Download or read book Finding List of French Prose Fiction in the Mercantile Library of the City of New York written by New York. Mercantile Library Association and published by . This book was released on 1888 with total page 86 pages. Available in PDF, EPUB and Kindle. Book excerpt:
Download or read book Struggle for the Soul of the French Novel written by Michael Scott and published by Springer. This book was released on 1989-06-18 with total page 303 pages. Available in PDF, EPUB and Kindle. Book excerpt: This book describes the challenge to traditional Christian beliefs that was inherent in the very concept of literary Realism and presents the Catholic novel as a series of conscious readaptations of Realist techniques and models. Authors studied include Flaubert, Bernanos and Mauriac.
Download or read book Edmond de Goncourt and the Novel written by Katherine Ashley and published by BRILL. This book was released on 2021-11-22 with total page 253 pages. Available in PDF, EPUB and Kindle. Book excerpt: Edmond de Goncourt’s four solo novels are not simply extensions of the Goncourt brothers’ joint project, but attempts to deviate from the Naturalism with which their name had come to be associated. By analysing paratexts, the relationship between documentation and fiction, as well as plot devices and themes, this study links the evolution of Goncourt’s fiction to wider literary debates surrounding Naturalism, Decadence and the renewal of the novel in fin de siècle France. In bringing Goncourt’s writings to an English-speaking public, it will be of interest to students and scholars of the literary history of late-nineteenth-century France.
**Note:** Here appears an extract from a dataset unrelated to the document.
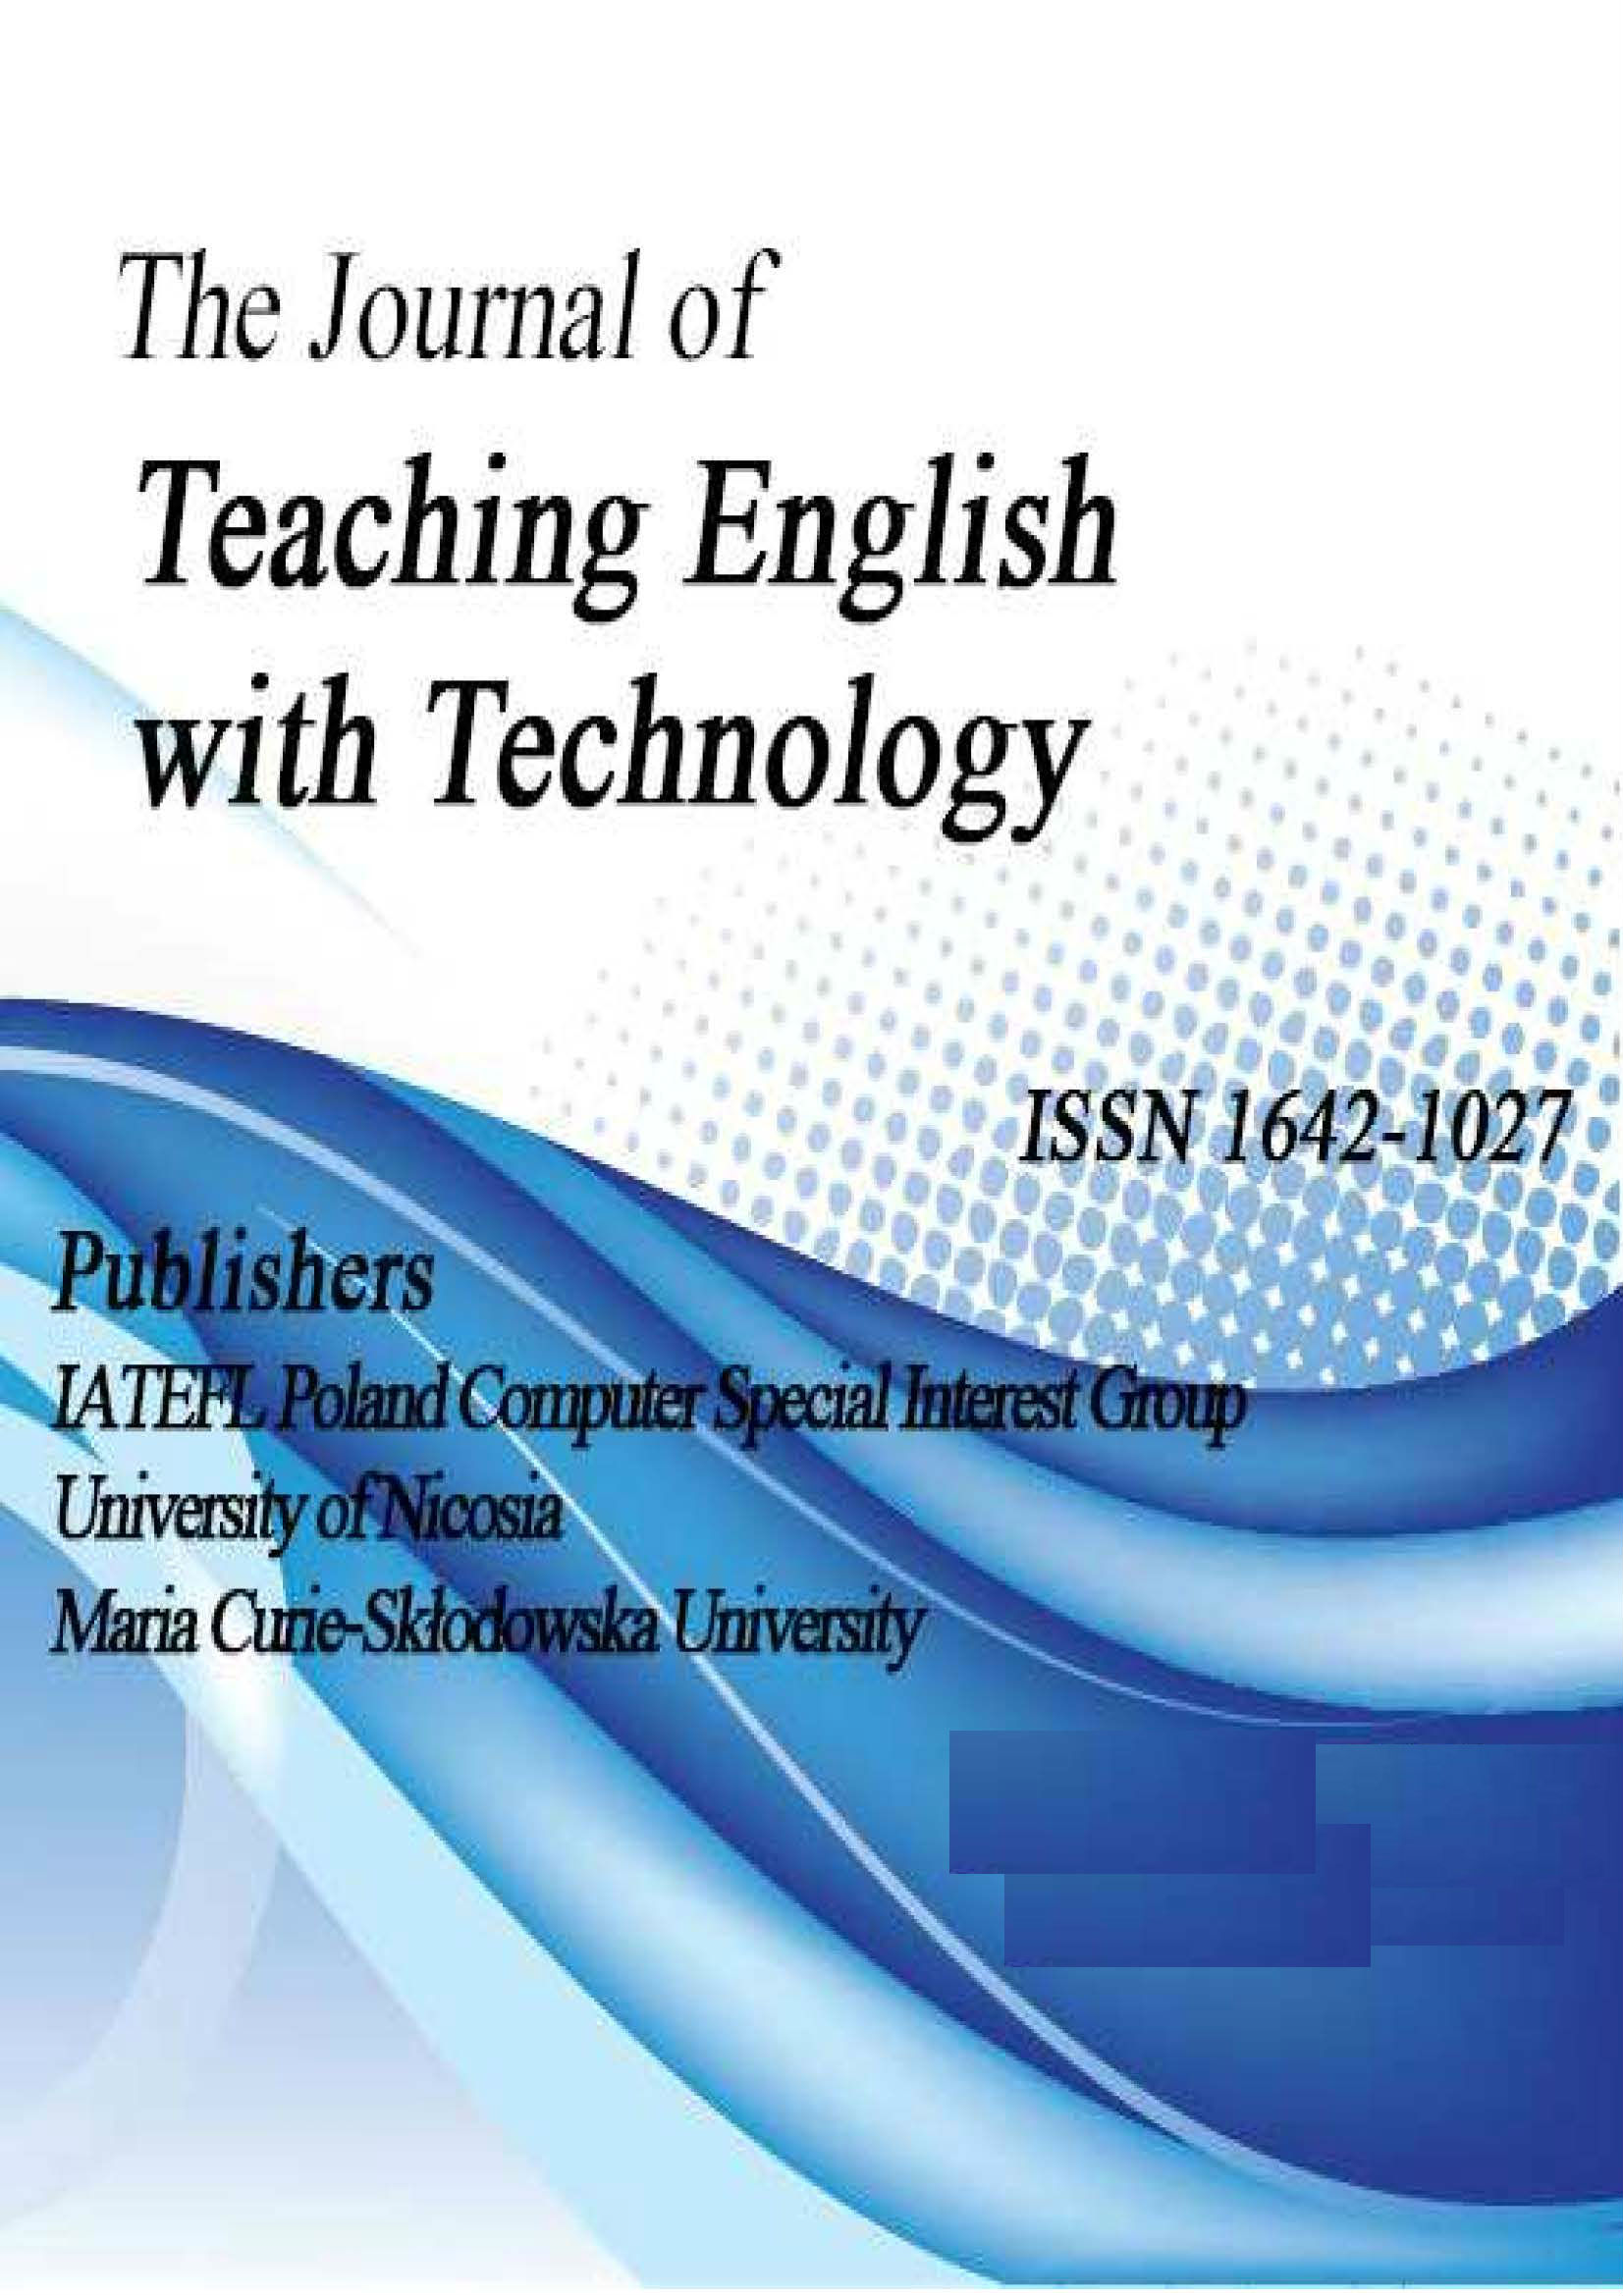 BEST PRACTICES IN USING VIDEO TECHNOLOGY TO PROMOTE SECOND LANGUAGE ACQUISITION Cover Image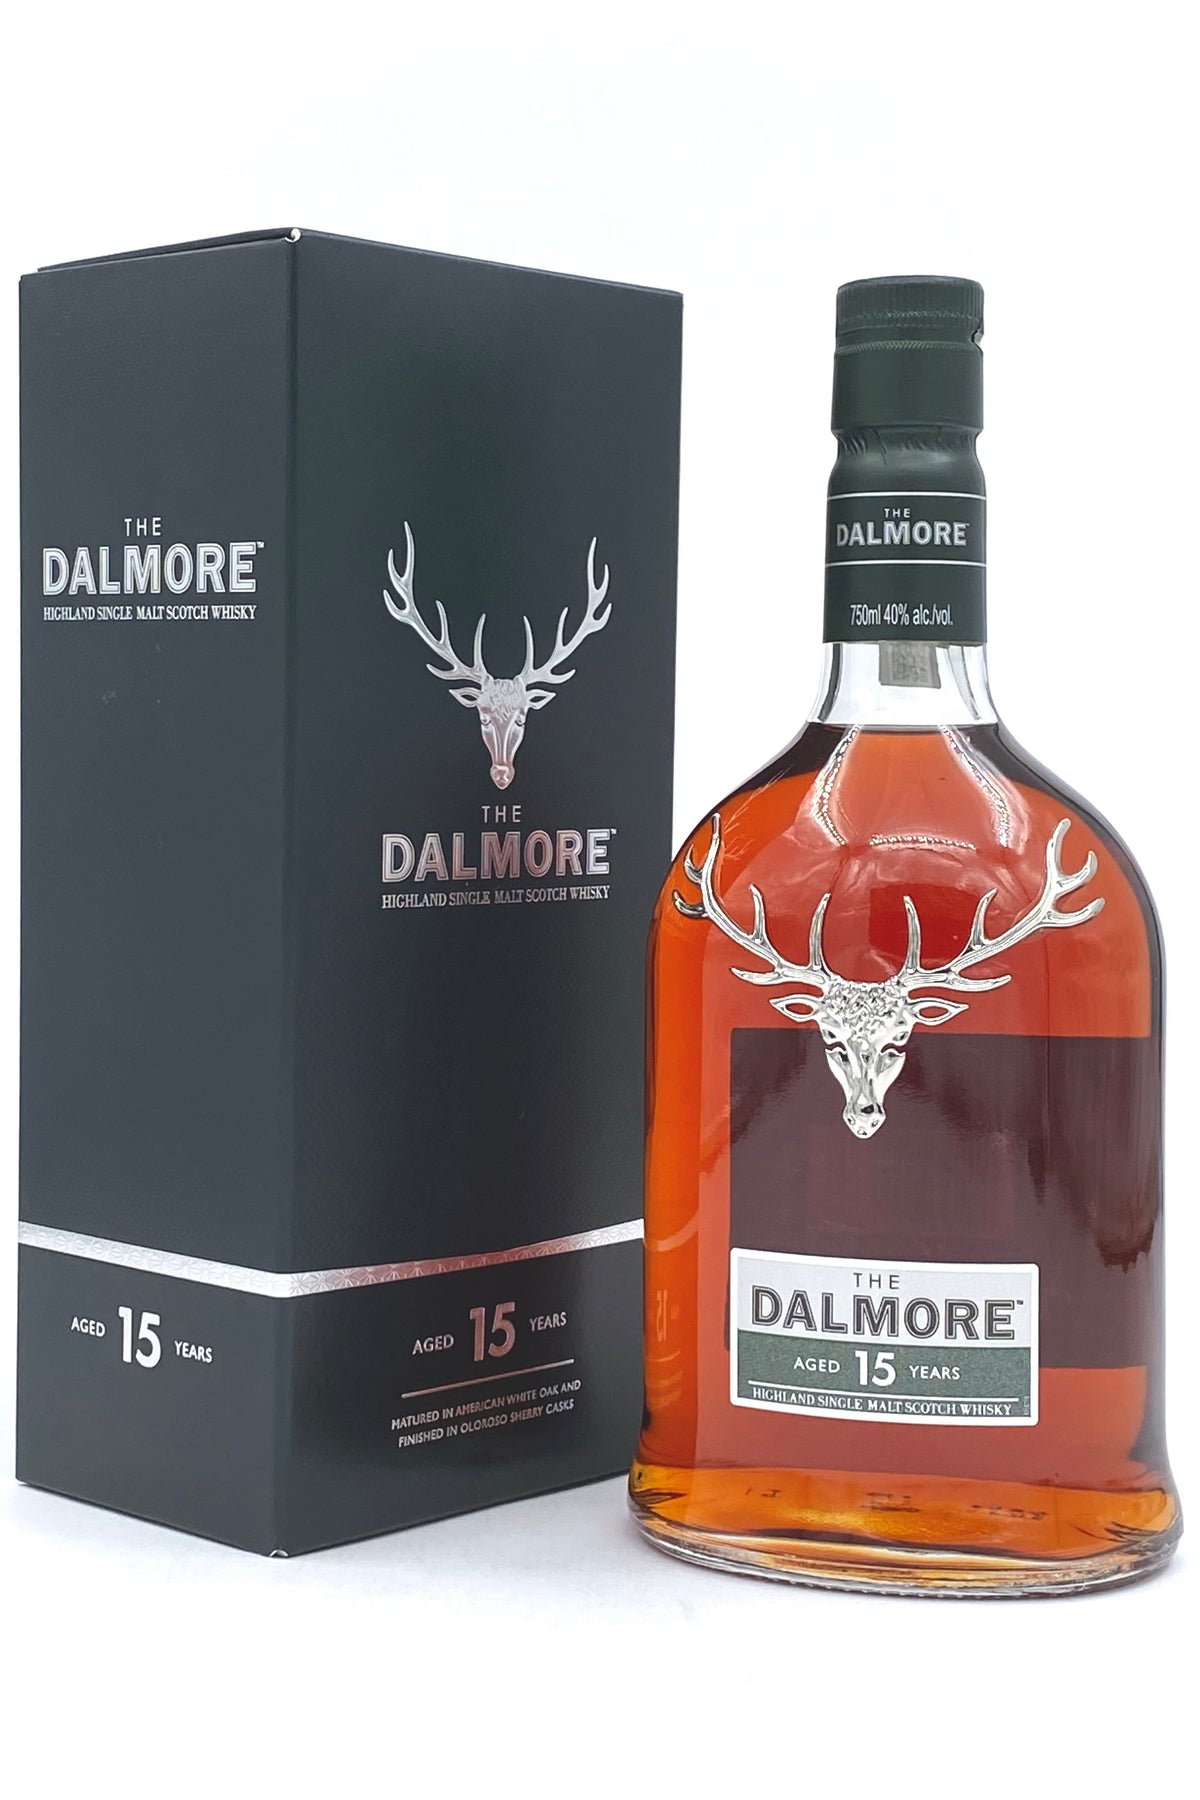 Dalmore 15 Year old Scotch Whisky

Download or read book Edmond and Jules de Goncourt written by Marie Belloc Lowndes and published by . This book was released on 1895 with total page 308 pages. Available in PDF, EPUB and Kindle. Book excerpt:
Download or read book Works of Fiction in the French Language written by Boston Public Library and published by . This book was released on 1892 with total page 184 pages. Available in PDF, EPUB and Kindle. Book excerpt:
Download or read book The New English Review Magazine written by and published by . This book was released on 1886 with total page 878 pages. Available in PDF, EPUB and Kindle. Book excerpt:
Download or read book Religious Conversion written by Sante de Sanctis and published by Routledge. This book was released on 2013-10-08 with total page 331 pages. Available in PDF, EPUB and Kindle. Book excerpt: This is Volume II of six in a collection on Psychology and Religion. Originally published in 1927, this is a Bio-Psychological study with a special aim (the reconstruction of the empirical Ego), and its own method (introspection).
Download or read book National and English Review written by and published by . This book was released on 1886 with total page 894 pages. Available in PDF, EPUB and Kindle. Book excerpt:
Download or read book The Rome We Have Lost written by John Pemble and published by Oxford University Press. This book was released on 2017-11-17 with total page 192 pages. Available in PDF, EPUB and Kindle. Book excerpt: For a thousand years, Rome was enshrined in myth and legend as the Eternal City. No Grand Tour would be complete without a visit to its ruins. But from 1870 all that changed. A millennium ended as its solitary moonlit ruins became floodlit monuments on traffic islands, and its perimeter shifted from the ancient nineteen-kilometre wall with twelve gates to a fifty-kilometre ring road with thirty-three roundabouts and spaghetti junctions. The Rome We Have Lost is the first full investigation of this change. John Pemble musters popes, emperors, writers, exiles, and tourists, to weave a rich fabric of Roman experience. He tells the story of how, why, and with what consequences that Rome, centre of Europe and the world, became a national capital: no longer central and unique, but marginal and very similar in its problems and its solutions to other modern cities with a heavy burden of 'heritage'. This far-reaching book illuminates the historical significance of Rome's transformation and the crisis that Europe is now confronting as it struggles to re-invent without its ancestral centre — the city that had made Europe what it was, and defined what it meant to be European.